15 марта художнику Владимиру Яковлеву исполнилось бы 80 лет. Выставка Владимира Яковлева «И хочется остаться на этом светлом…» в Литературном музее, приуроченная к этой дате, не ретроспектива. Скорее, экспозиция в трех залах особняка в Трубниковском переулке выглядит как приношение коллекционеров художнику. Приношение, которое заставляет вспомнить печальные «цветки» Яковлева. Никогда не букеты — даже если на листе гуаши встречались два или три цветка. Все равно каждый — то ли цветок, то ли звезда, несущая драгоценный свет, — наособицу.

Выставка в Литературном музее — тоже наособицу. Не потому, что составлена из произведений, находящихся в частных коллекциях. В конце концов сегодня представление частных собраний на музейных площадках — тренд, востребованный и зрителями, и музеями. Не потому, что «литературная» тема в экспозиции обозначена лишь одним сюжетом — дружбой с поэтом Геннадием Айги и рисунками к его стихотворениям. Встреча «соседних» искусств — один из важнейших мотивов в искусстве ХХ века, начиная, как минимум, с футуристических книг Ольги Розановой и Алексея Крученых, Натальи Гончаровой, Давида Бурлюка… К этому мотиву, кстати, Яковлев отнюдь не был безразличен, и сюжет сопоставления работ художника и традиций футуристической книги мог бы, вероятно, быть любопытным для экспозиции именно в Литературном музее, но он не намечен. Нынешняя выставка, основу которой составили 88 работ Яковлева конца 1950-х — начала 1990-х годов из хороших, «надежных» собраний, оставляет ощущение приватного показа. И, как ни странно, это не только проблема кураторов.

За этим — парадокс Владимира Яковлева, который одним из первых художников «неофициального» искусства получил признание, в том числе зарубежных критиков и галеристов. Его работы были показаны в Братиславе в 1968 году. Его выставка в Музее современного искусства в Копенгагене открылась в 1976-м, а в перестроечные времена его показывают галереи Лондона (1985) и Цюриха (1988). Персональная выставка в Третьяковской галерее состоялась в 1995-м, при жизни художника, который к тому времени уже больше десяти лет находился в психоневрологическом интернате. Но ни выставки, ни успех, ни продажи не только не изменили его жизнь — они и не вывели его из тени «аутсайдерства».

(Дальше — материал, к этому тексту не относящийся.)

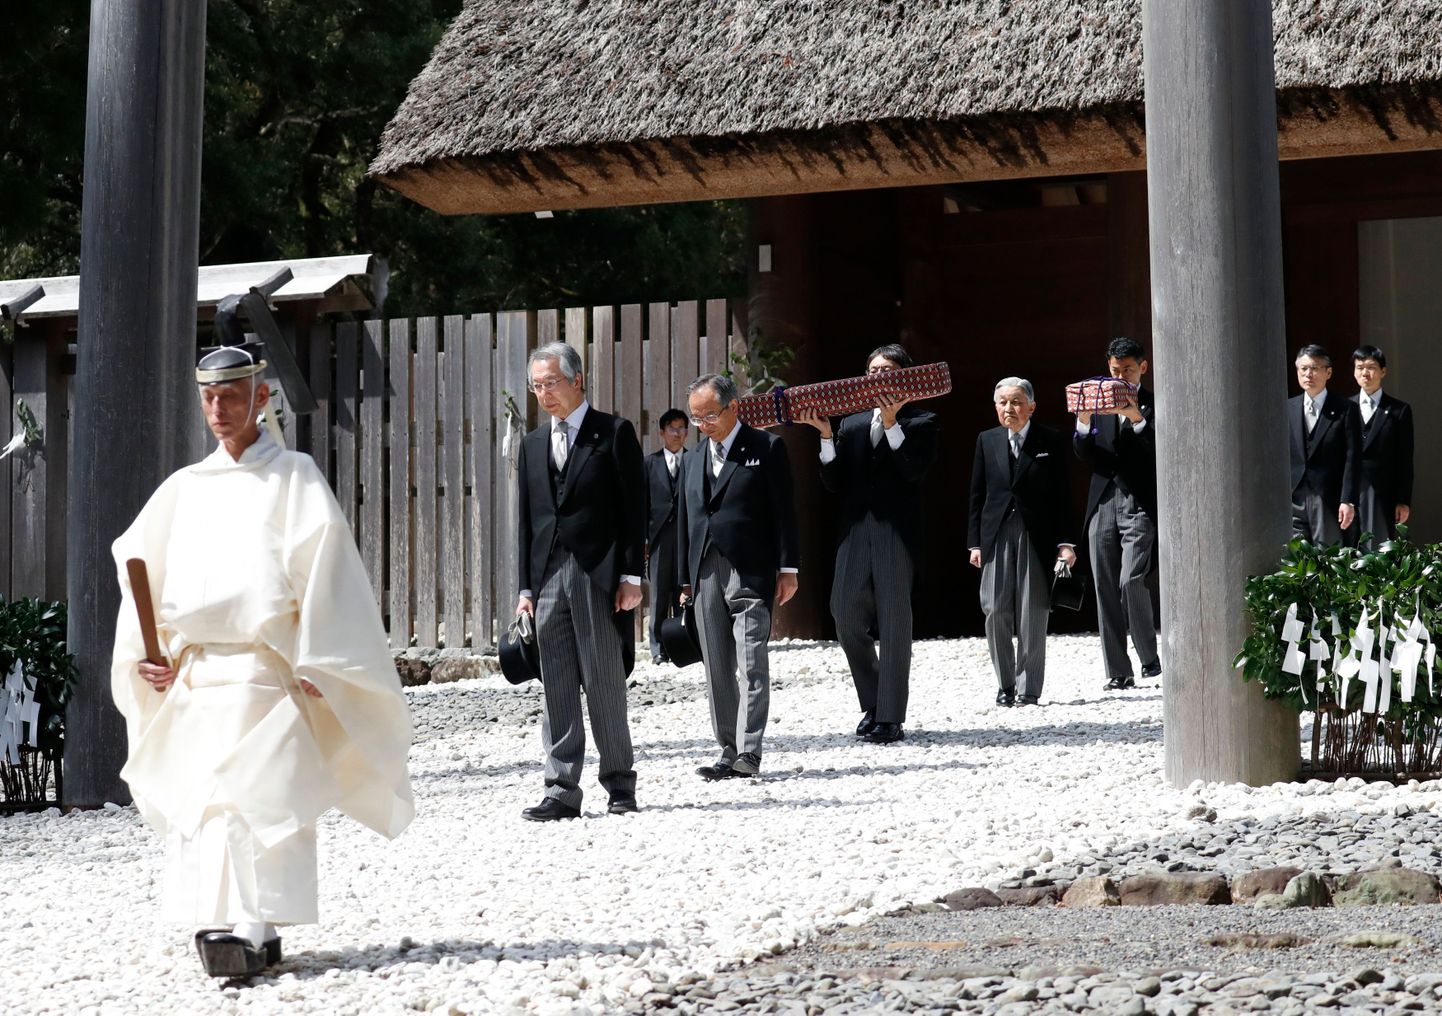 Jaapani keiser Akihito Jingu shintōpühamus Ise linnas.

Речь совсем не о том, что не изменился его образ жизни и он как рисовал дома каждый день, так и продолжал работать. «Сколько помню Яковлева — он всегда трудился, — напишет поэт Владимир Алейников, один из основателей знаменитого СМОГа, независимого объединения молодых поэтов 1960–1970-х. — Полуслепой, регулярно теряющий очки с какими-то слишком уж большими, всех озадачивающими, “не как у людей”, диоптриями и потому предпочитающий обходиться без них, приближал он, бывало, не глаза — лицо! — к прикрепленному кнопками на мольберте, а то и просто наспех прислоненному к нему ватманскому листу бумаги с молниеносным, только ему понятным, летучим наброском, несколькими штрихами уже определяющим сущность будущей работы, — и словно чуял ее, видел всю ее внутренним зрением».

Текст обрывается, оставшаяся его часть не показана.